Females of Reproductive Potential and Males
There is no FDA guidance on the use of Miconazole (buccal) in women of reproductive potentials and males.
Immunocompromised Patients
There is no FDA guidance one the use of Miconazole (buccal) in patients who are immunocompromised.
Administration and Monitoring
Administration
There is limited information regarding Miconazole (buccal) Administration in the drug label.
Monitoring
There is limited information regarding Miconazole (buccal) Monitoring in the drug label.
IV Compatibility
There is limited information regarding the compatibility of Miconazole (buccal) and IV administrations.
Overdosage
- Overdose with miconazole in humans has not been reported in the literature.
- Miconazole absorption and systemic exposure following application of ORAVIG are minimal.

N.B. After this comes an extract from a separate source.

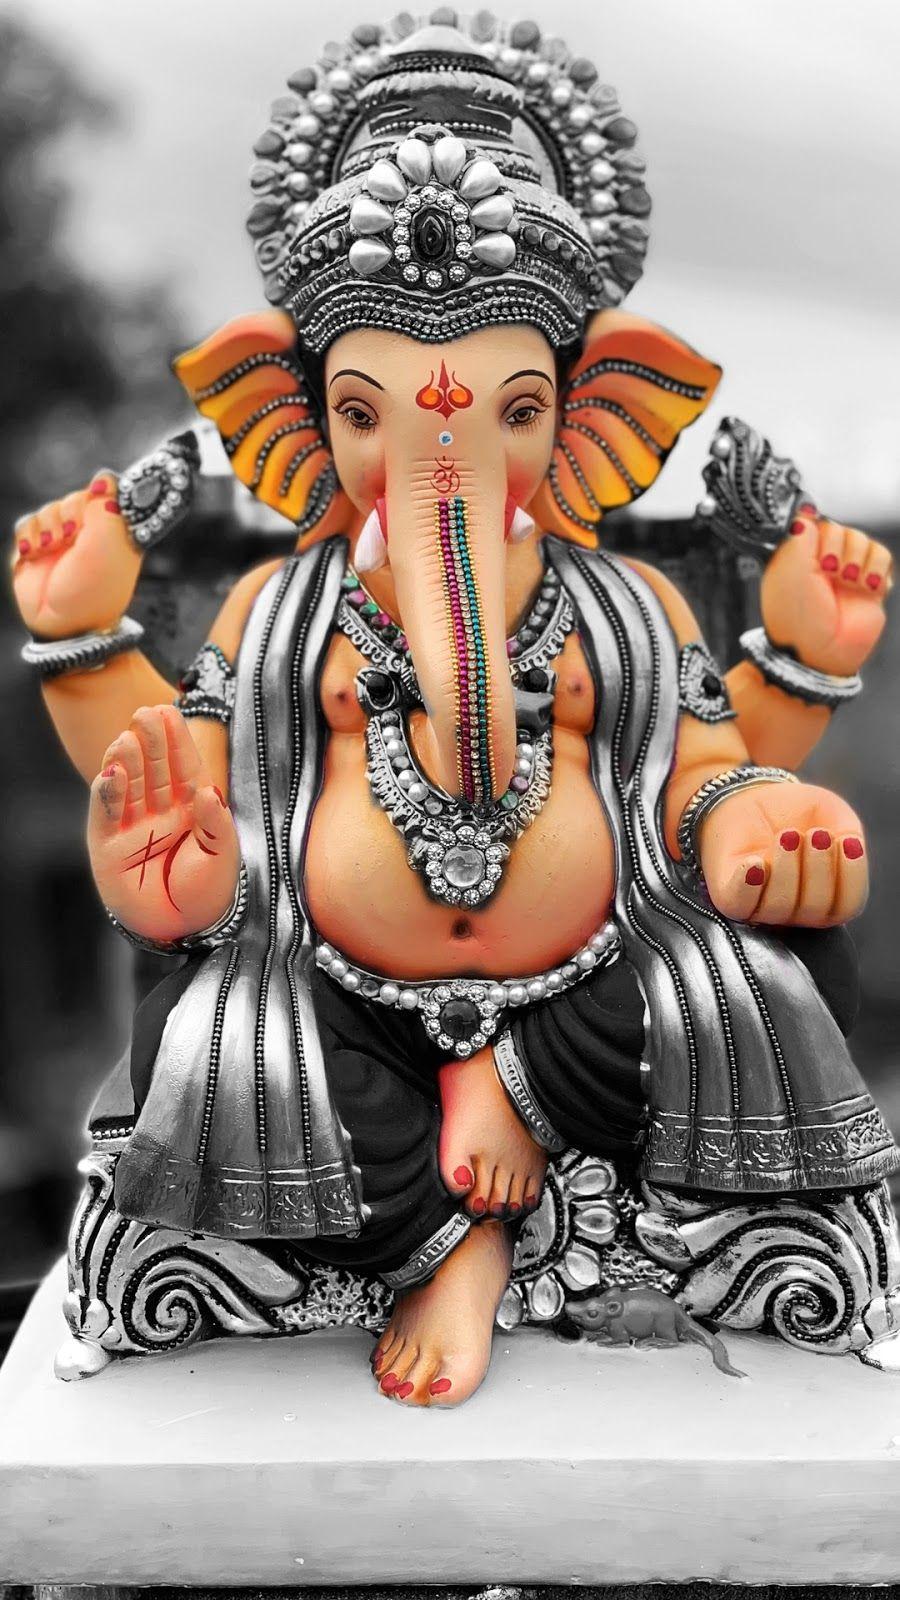 Ganesha Editado Movil Pantalla Dios Indio In 2020 Shivaji Maharaj Hd Wallpaper Lord Murugan Wallpapers Mahadev Hd Wallpaper

- Symptomatic and supportive care is the basis for management.
Pharmacology
There is limited information regarding Miconazole (buccal) Pharmacology in the drug label.
Mechanism of Action
There is limited information regarding Miconazole (buccal) Mechanism of Action in the drug label.
Structure
There is limited information regarding Miconazole (buccal) Structure in the drug label.
Pharmacodynamics
There is limited information regarding Miconazole (buccal) Pharmacodynamics in the drug label.
Pharmacokinetics
There is limited information regarding Miconazole (buccal) Pharmacokinetics in the drug label.
Nonclinical Toxicology
There is limited information regarding Miconazole (buccal) Nonclinical Toxicology in the drug label.
Clinical Studies
There is limited information regarding Miconazole (buccal) Clinical Studies in the drug label.
How Supplied
There is limited information regarding Miconazole (buccal) How Supplied in the drug label.
Storage
There is limited information regarding Miconazole (buccal) Storage in the drug label.
Images
Drug Images
{{#ask: Page Name::Miconazole (buccal) |?Pill Name |?Drug Name |?Pill Ingred |?Pill Imprint |?Pill Dosage |?Pill Color |?Pill Shape |?Pill Size (mm) |?Pill Scoring |?NDC |?Drug Author |format=template |template=DrugPageImages |mainlabel=- |sort=Pill Name }}
Package and Label Display Panel
{{#ask: Label Page::Miconazole (buccal) |?Label Name |format=template |template=DrugLabelImages |mainlabel=- |sort=Label Page }}
Patient Counseling Information
Precautions with Alcohol
Alcohol-Miconazole (buccal) interaction has not been established. Talk to your doctor about the effects of taking alcohol with this medication.
Brand Names
- ORAVIG®[1]
Look-Alike Drug Names
There is limited information regarding Miconazole (buccal) Look-Alike Drug Names in the drug label.
Drug Shortage Status
Price
References
The contents of this FDA label are provided by the National Library of Medicine.